Les monnaies locales de troisième génération entretiennent des relations étroites avec les collectivités locales, mais dans un cadre de gouvernance où d’autres partenariats sont établis. C’est ainsi que certaines de ces monnaies bénéficient d’un support financier (via des subventions) comme le SOL Violette, l’Eusko.
Intégration dans des politiques publiques spécifiques
Le développement des soutiens des collectivités locales ou des gouvernements centraux aux monnaies complémentaires peut s’analyser comme une reconnaissance de ces dispositifs comme outils potentiels de politique publique. La plasticité de la monnaie permet, en optant pour des choix organisationnels spécifiques, de satisfaire à des objectifs divers (Blanc, 2009). Les collectivités locales peuvent donc utiliser les monnaies afin de satisfaire certaines finalités compatibles avec cet outil et les modalités de sa mise en œuvre.
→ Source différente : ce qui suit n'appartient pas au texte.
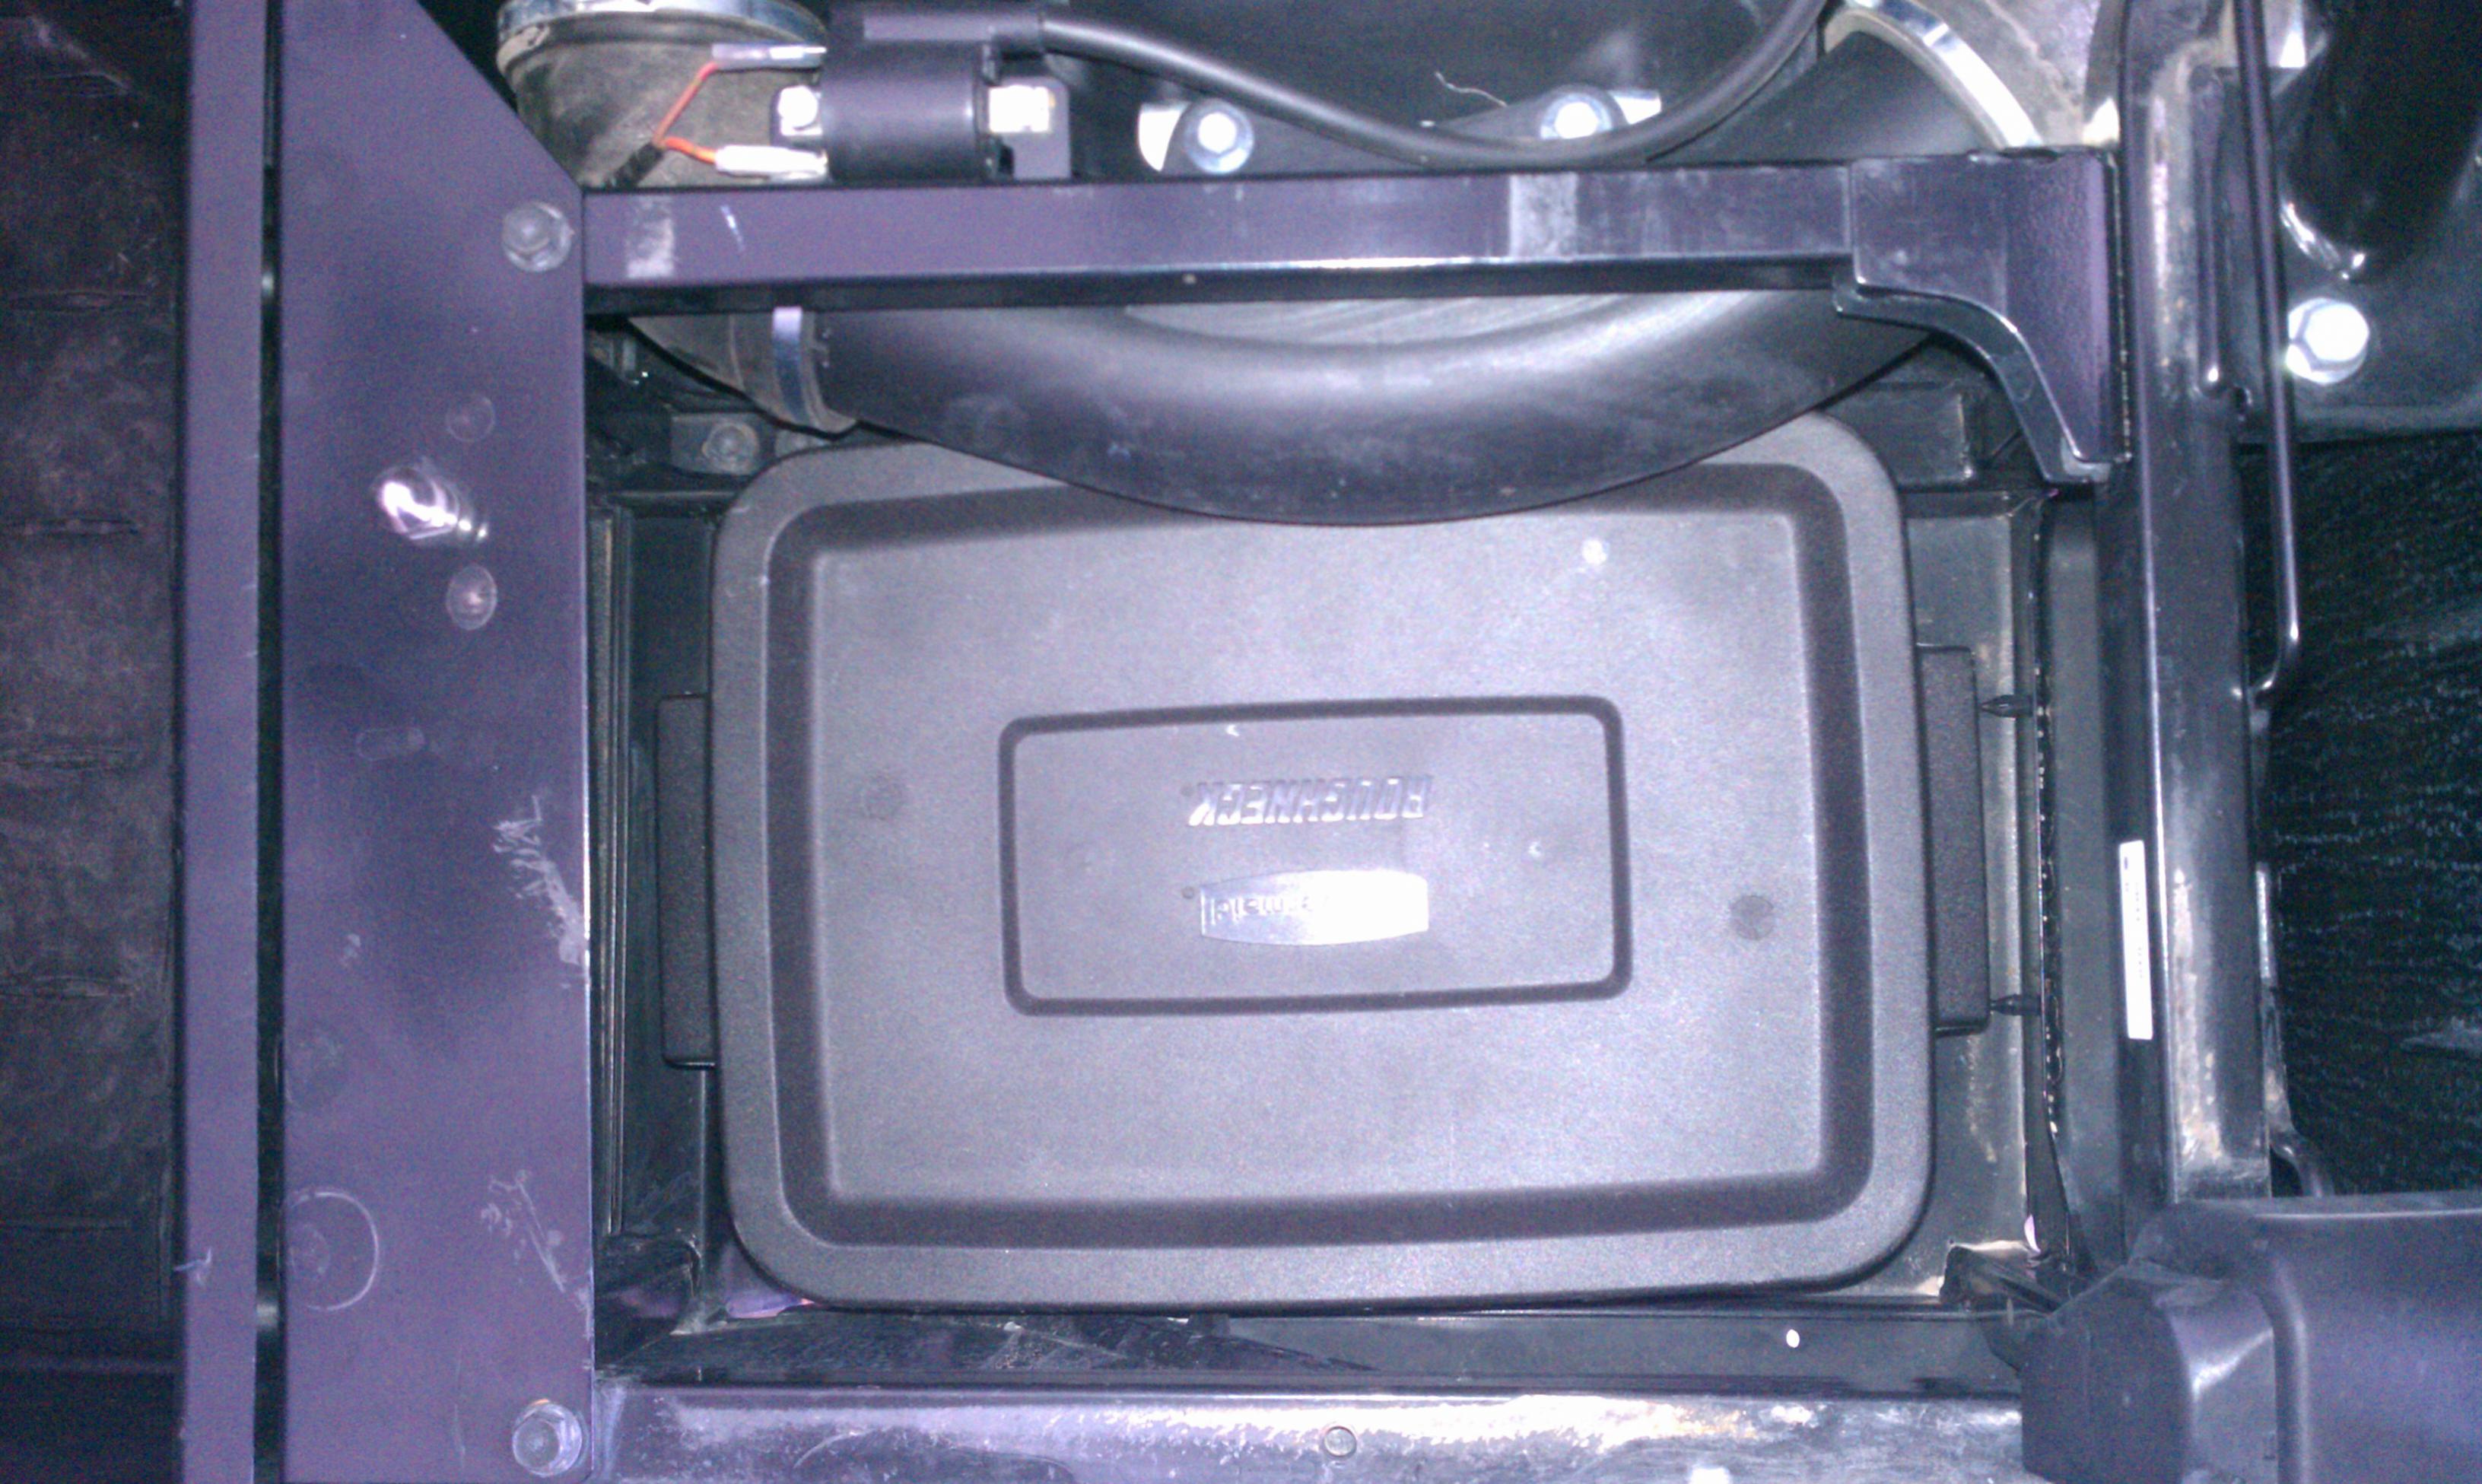 Under Seat Storage Under -imag0196.jpg
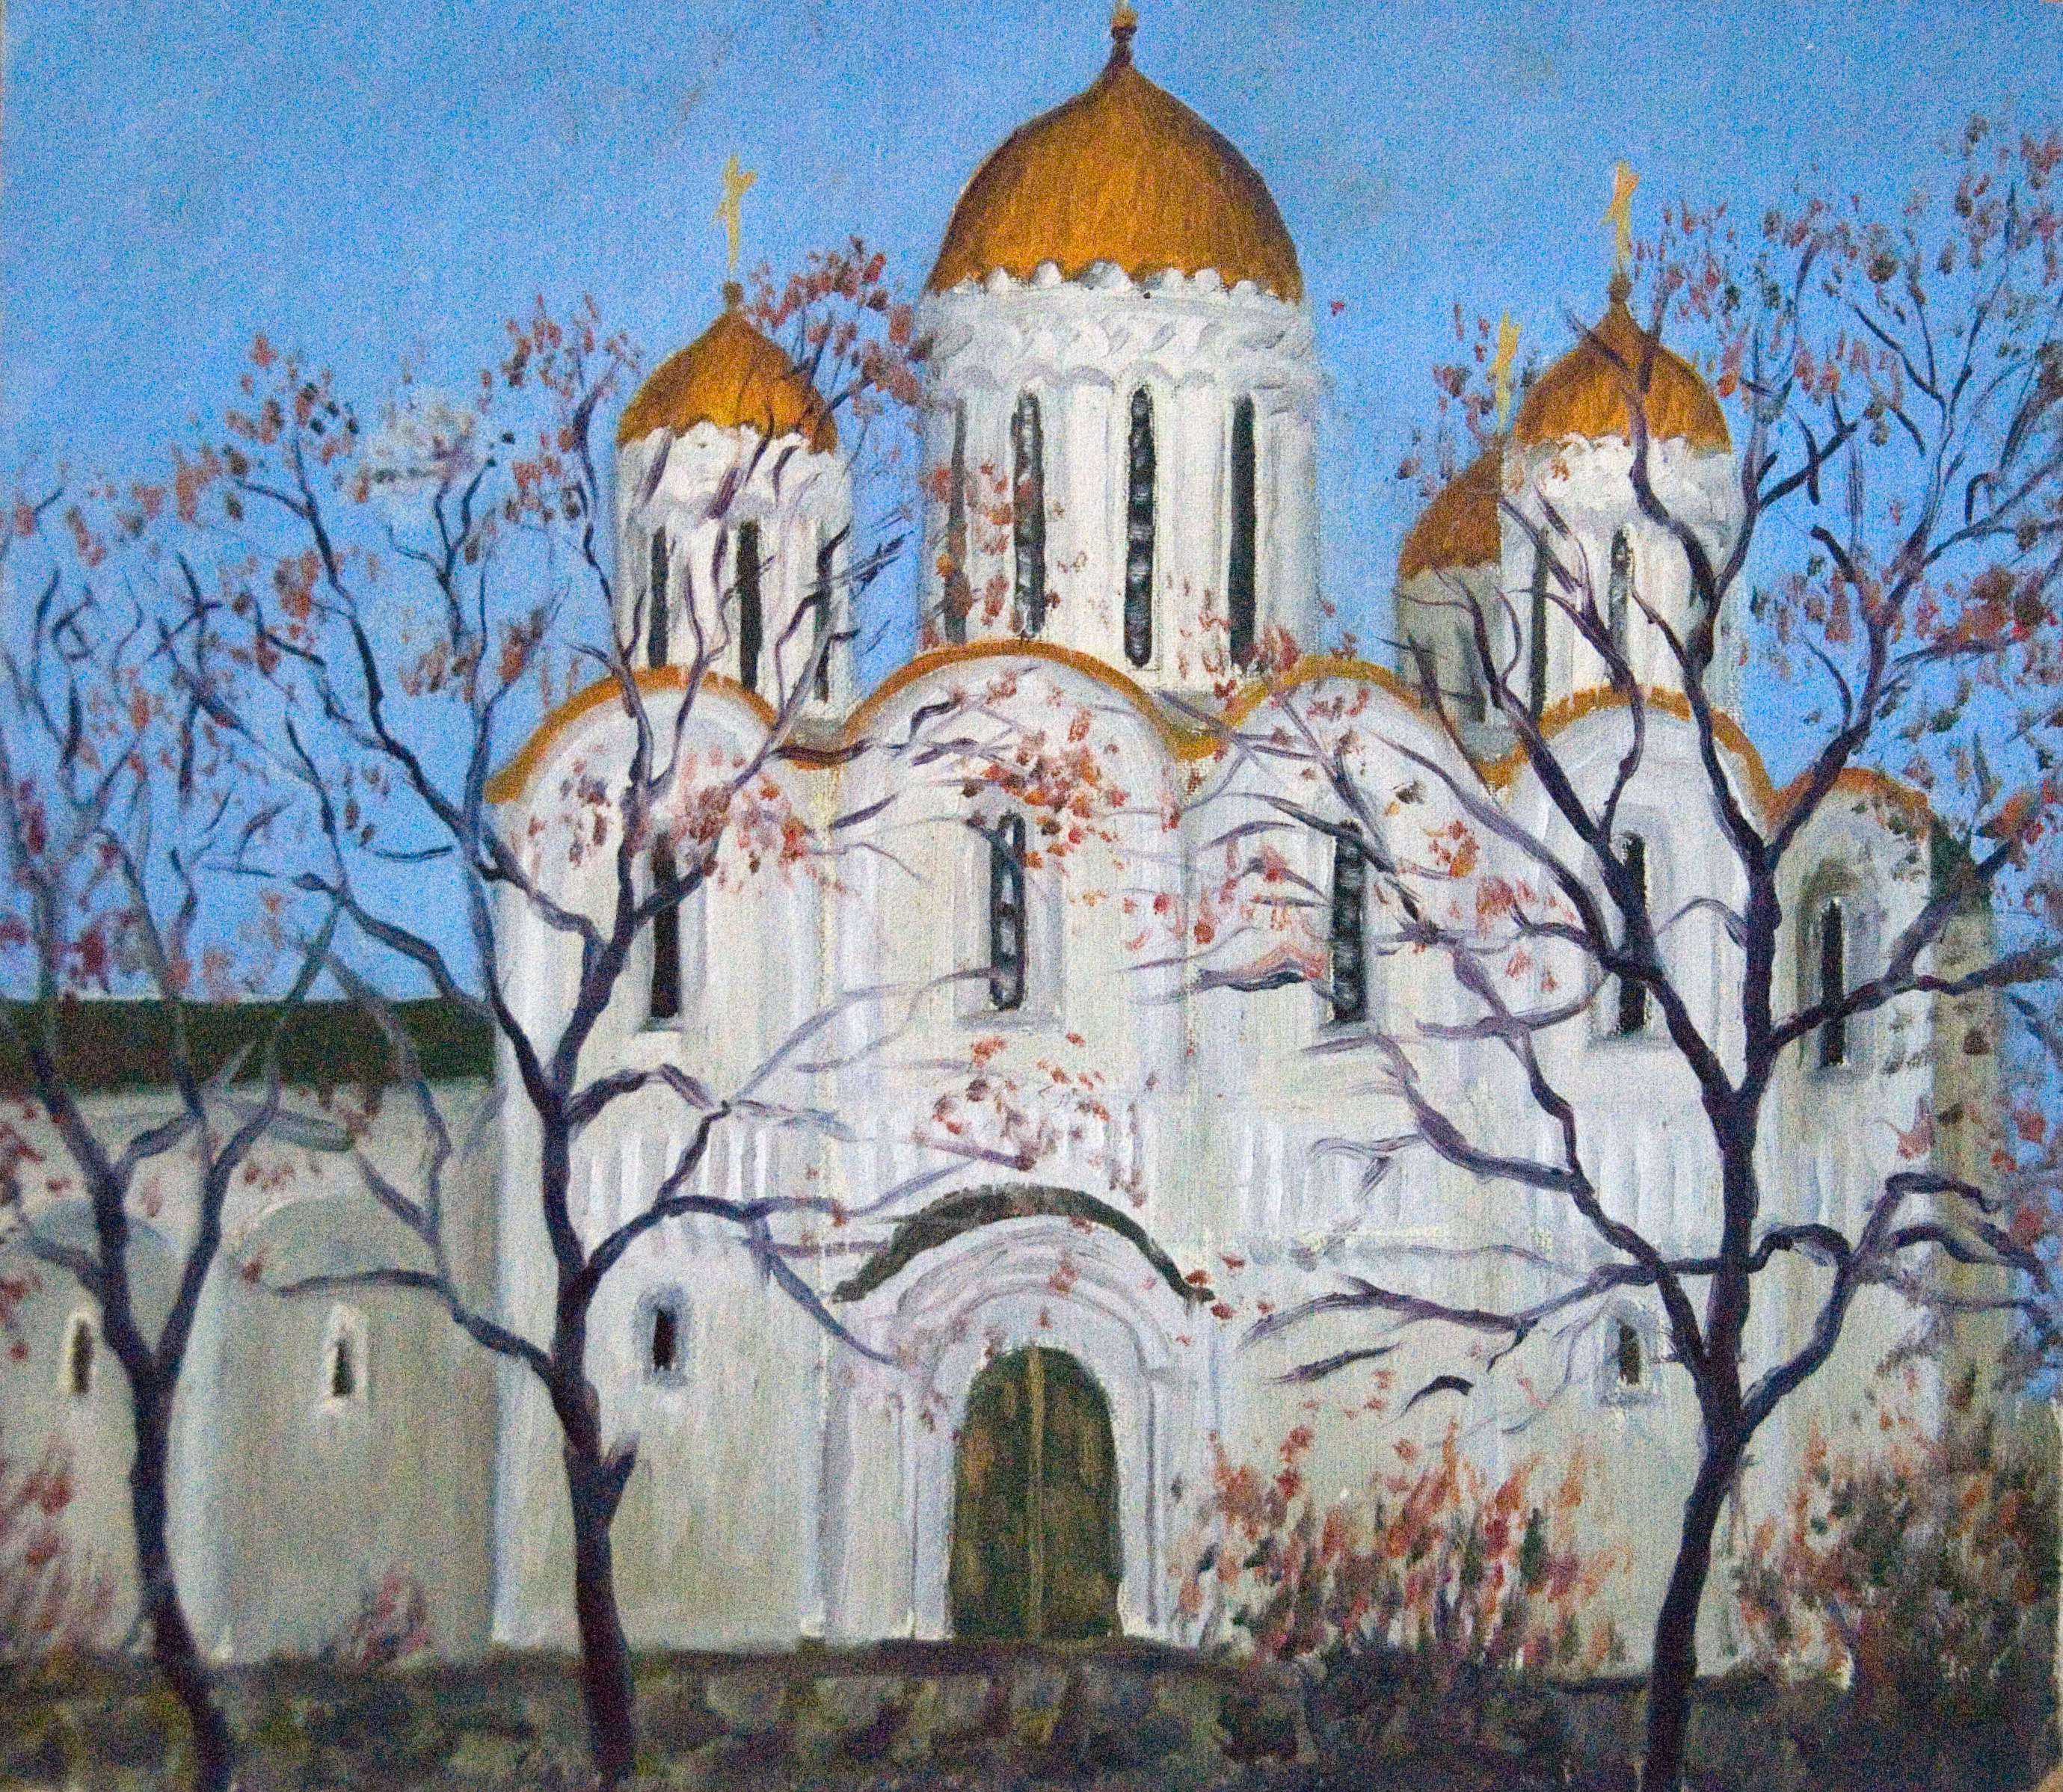 Успенский/Assumption Cathedral

Jusqu’ici, elles ont promu, de manière très inégale, des dispositifs de monnaies complémentaires dans trois grands types d’objectifs : sociaux, environnementaux et économique.
L’objectif social correspond à une double logique de revitalisation de liens conviviaux communautaires (contribuant à la cohésion sociale) et de lutte contre la pauvreté et l’exclusion. Les banques de temps peuvent en particulier servir des objectifs de lutte contre la pauvreté ou contre l’exclusion non seulement en valorisant les compétences de chacun ou en recréant du lien social mais aussi en apportant des moyens de solvabilisation des besoins. Les collectivités locales en particulier peuvent identifier ces possibilités et utiliser ces dispositifs pour satisfaire ces objectifs. C’est notamment particulièrement visible pour les banques de temps anglo-saxonnes qui sont de plus en plus intégrées dans des programmes de lutte contre la pauvreté et comme outil de reconstruction des liens sociaux dans la communauté (Seyfang, 2006) comme d’ailleurs des Accorderies. Les banques de temps italiennes sont très largement développées par les municipalités et reconnues comme outil de reconstruction des liens sociaux et d’entraide.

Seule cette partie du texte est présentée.